Bayesian regression replaces point estimates with complete probability distributions over parameters.

Bayesian linear regression extends classical OLS by placing probability distributions on the regression coefficients and error variance, yielding full posterior distributions rather than point estimates.

The Bayesian Regression Model

DfBayesian Linear Regression Model

Y_i = \mathbf{x}_i^T \boldsymbol{\beta} + \varepsilon_i, \quad \varepsilon_i \sim \mathcal{N}(0, \sigma^2)

The Bayesian approach treats $\boldsymbol{\beta}$ and $\sigma^2$ as random variables with prior distributions, updating them via Bayes' theorem to obtain posterior distributions given the data $\mathcal{D} = \{(\mathbf{x}_i, y_i)\}_{i=1}^n$ .

Posterior Distribution

p(\boldsymbol{\beta}, \sigma^2 \mid \mathcal{D}) = \frac{p(\mathcal{D} \mid \boldsymbol{\beta}, \sigma^2) \, p(\boldsymbol{\beta}, \sigma^2)}{p(\mathcal{D})}

Here,

$p(\mathcal{D} \mid \boldsymbol{\beta}, \sigma^2)$ =Likelihood: product of Gaussian densities
$p(\boldsymbol{\beta}, \sigma^2)$ =Joint prior on coefficients and variance
$p(\mathcal{D})$ =Marginal likelihood (evidence) — normalizing constant

Why Bayesian Regression?

The Bayesian approach provides: (1) full uncertainty quantification over parameters, (2) natural incorporation of prior knowledge, (3) exact finite-sample posterior distributions (no reliance on asymptotic approximations), and (4) coherent model comparison via marginal likelihoods.

Conjugate Prior: Normal-Inverse-Gamma

DfNormal-Inverse-Gamma Prior

For the linear model $Y \mid \mathbf{X}, \boldsymbol{\beta}, \sigma^2 \sim \mathcal{N}(\mathbf{X}\boldsymbol{\beta}, \sigma^2 \mathbf{I}_n)$ , the conjugate prior is:

\boldsymbol{\beta} \mid \sigma^2 \sim \mathcal{N}(\boldsymbol{\mu}_0, \sigma^2 \boldsymbol{\Lambda}_0^{-1}), \quad \sigma^2 \sim \text{Inv-Gamma}(a_0, b_0)
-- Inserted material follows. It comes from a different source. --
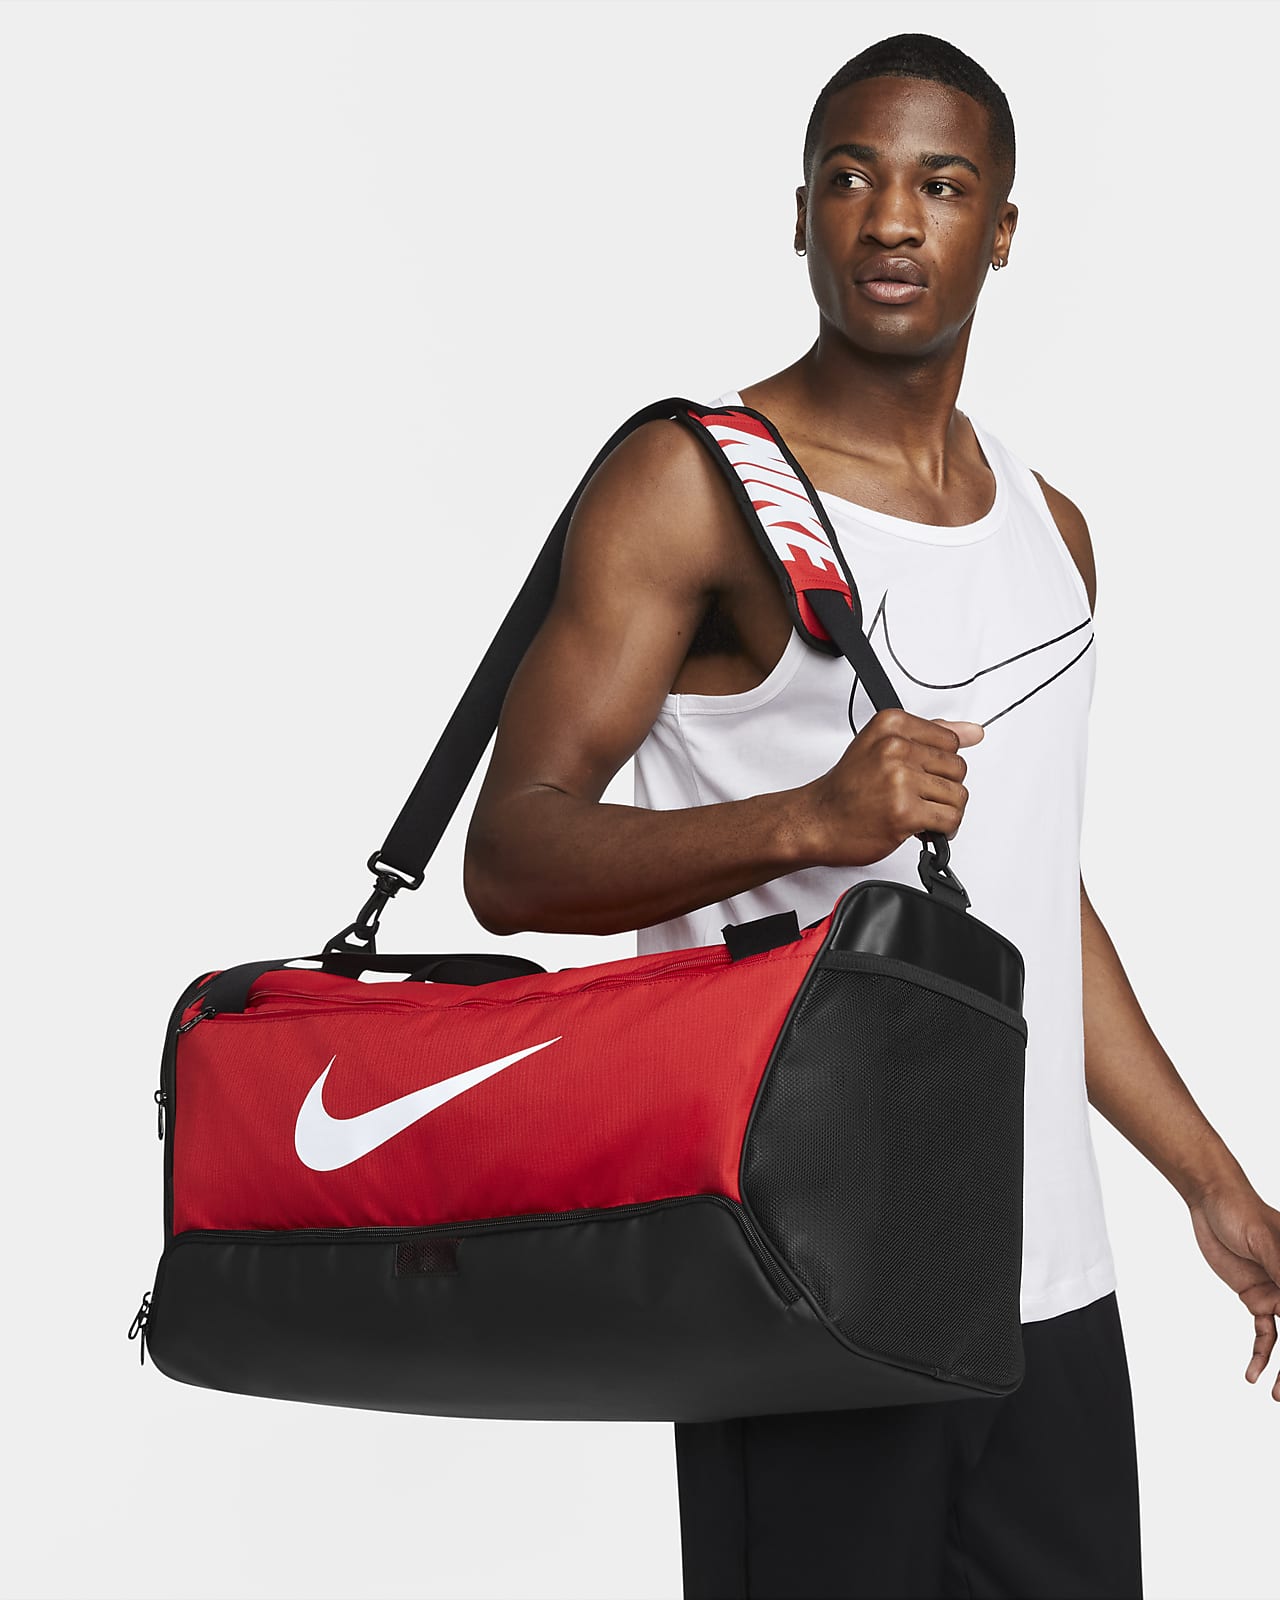 Τσάντα γυμναστηρίου για προπόνηση Nike Brasilia 9.5 (μέγεθος Medium, 60 L)

where $\boldsymbol{\Lambda}_0$ is the prior precision matrix, $\boldsymbol{\mu}_0$ is the prior mean, and $a_0, b_0$ control the prior on $\sigma^2$ .

ThPosterior under Normal-Inverse-Gamma Prior

Given $n$ observations, the posterior is also Normal-Inverse-Gamma:

\boldsymbol{\beta} \mid \sigma^2, \mathcal{D} \sim \mathcal{N}(\boldsymbol{\mu}_n, \sigma^2 \boldsymbol{\Lambda}_n^{-1})

\sigma^2 \mid \mathcal{D} \sim \text{Inv-Gamma}(a_n, b_n)

with updated parameters:

\boldsymbol{\Lambda}_n = \boldsymbol{\Lambda}_0 + \mathbf{X}^T\mathbf{X}, \quad \boldsymbol{\mu}_n = \boldsymbol{\Lambda}_n^{-1}(\boldsymbol{\Lambda}_0 \boldsymbol{\mu}_0 + \mathbf{X}^T\mathbf{y})

a_n = a_0 + \frac{n}{2}, \quad b_n = b_0 + \frac{1}{2}\left(\mathbf{y}^T\mathbf{y} + \boldsymbol{\mu}_0^T \boldsymbol{\Lambda}_0 \boldsymbol{\mu}_0 - \boldsymbol{\mu}_n^T \boldsymbol{\Lambda}_n \boldsymbol{\mu}_n\right)

Prior Elicitation

Choosing $\boldsymbol{\Lambda}_0$ encodes prior confidence. A large $\boldsymbol{\Lambda}_0$ means strong prior belief — the posterior will be dominated by the prior. Weakly informative priors (small $\boldsymbol{\Lambda}_0$ ) let the data speak. In practice, $\boldsymbol{\Lambda}_0 = \tau^{-1}\mathbf{I}$ with large $\tau$ is common.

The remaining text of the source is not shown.